We advise clients to begin by investing comfortable amounts and increasing with time, if their financial situation allows. When you begin to collect art the key is not only your money but your time. Regarding why the number of collectors increased over the last year, one of the reasons is active digitalisation of the art world due to the pandemic, which has democratised the market, making prices transparent and more accessible too (so one can see that apart from very expensive pieces there are thousands of much more affordable works on offer). This has freed many from prejudice, as well as making collecting much less intimidating – to buy something online rather than going into the gallery. This is especially the case for younger generation. The market is no longer as exclusive as it once has been, it is no longer restricted to high-net-worth collectors who have good relationships with dealers, auctioneers and gallerists. We’ve also noticed that recently more new young collectors became our clients. Also, there are lots of interest in NFTs and digital art mainly from business and tech background individuals, not necessarily a  traditional type of collector who goes to the art fairs and biennials.

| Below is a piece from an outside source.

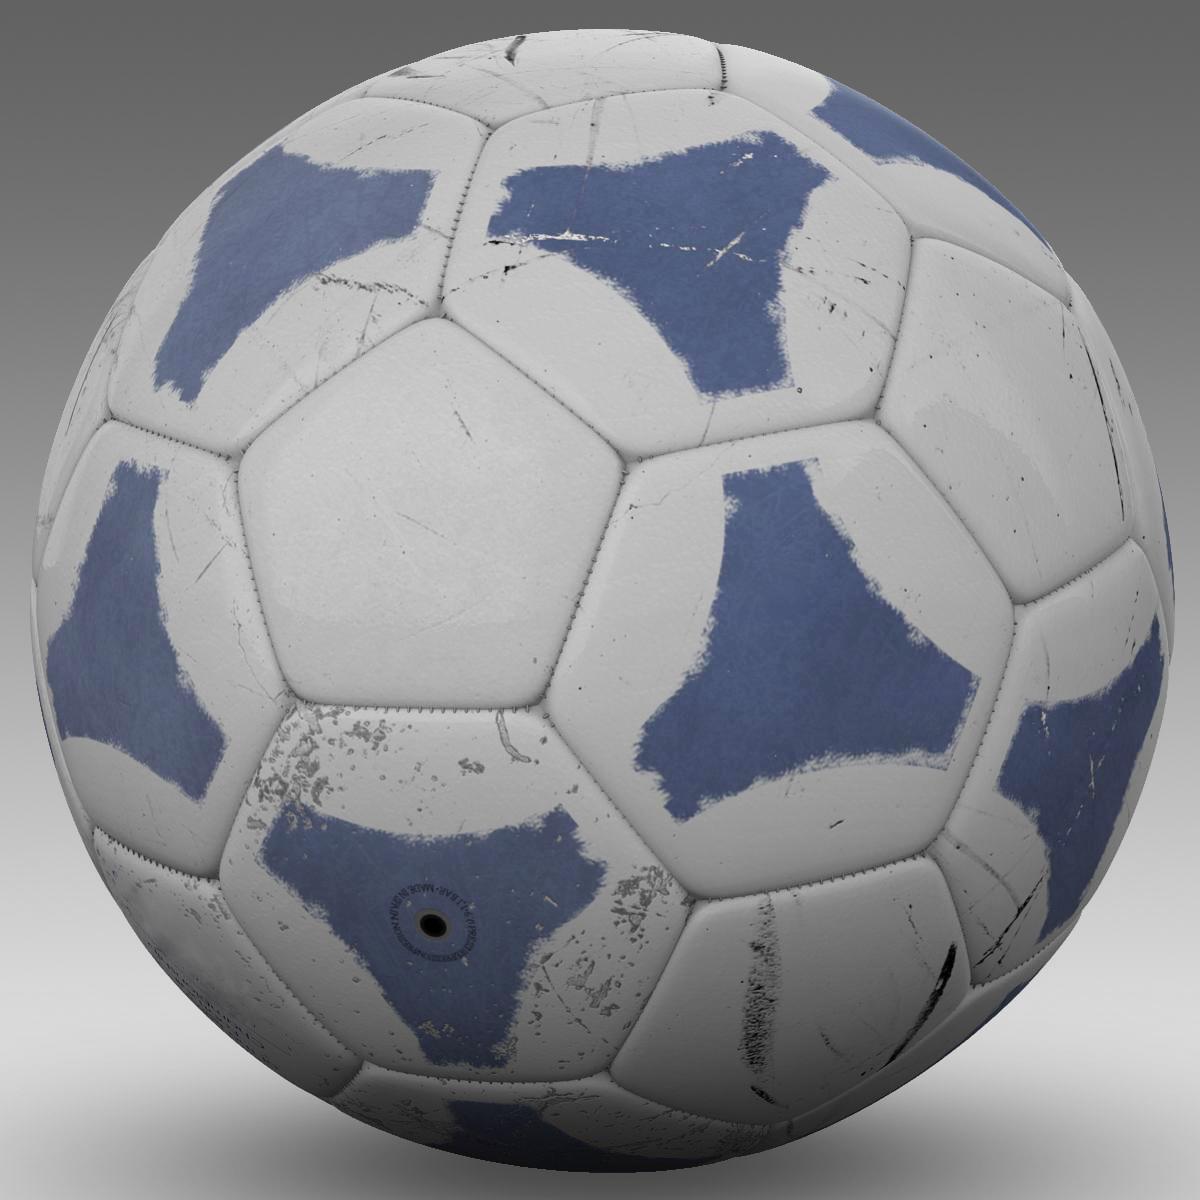 soccerball цэнхэр цагаан 3d загвар 3ds max fbx c4d ma mb obj 203987

If the art market is more transparent and entry barriers are dropping, should an emerging art collector work with an art consultancy firm or any ‘middle man’? Will you be adjusting the way your company works? 

Our company helps with exactly that. We bring certainty to the client. Our expertise, knowledge of the art history and connections allow us to select and find the best works based on client’s taste and current trends. Furthermore, we understand that the majority of emerging collectors will be unable to dedicate the right amount of time to learn more about art and explore the global art scene. So we’re not afraid to become irrelevant in the future. Moreover, we’re gladly the bridge that unites new technology with the right audience. There are many interesting startups working with blockchain and AI in the art field and plenty of collectors haven’t heard about them. To be able to make a transition to a technology-run world we still need human recourses to do that. 

What do you think about artists? How are they coping professionally and psychologically with COVID and not being able to live and work as before?

This past year has mostly affected artists personal projects and exhibitions, which were cancelled or postponed. Museums have struggle a lot, but it’s a different topic. Speaking about artists’ work, they could continue as before and perhaps, more effectively with less pressure from intense art fair calendars and overexposure. Besides, they are supporting one another through great initiatives, such as the Artists Support Pledge. Of course it has been more vulnerable for emerging artists as they  are only on the stage of earning their recognition, although social media channels and popularization of online sales were quite helpful. 

What are your plans for the future? 

Our digital collection management platform, the Art Vault, is nearly complete. It is going to be our first tech product, which will allow our clients to keep all of the information on their collection online and easily manage it. In the future, we will aim to expand our business and move further outside the art world. We want to spread the message and to influence a synergy of art with the fields of science and technology; together with reaching wider audiences, developing our artist residencies, improving our work with clients and engaging in new exciting collaborations.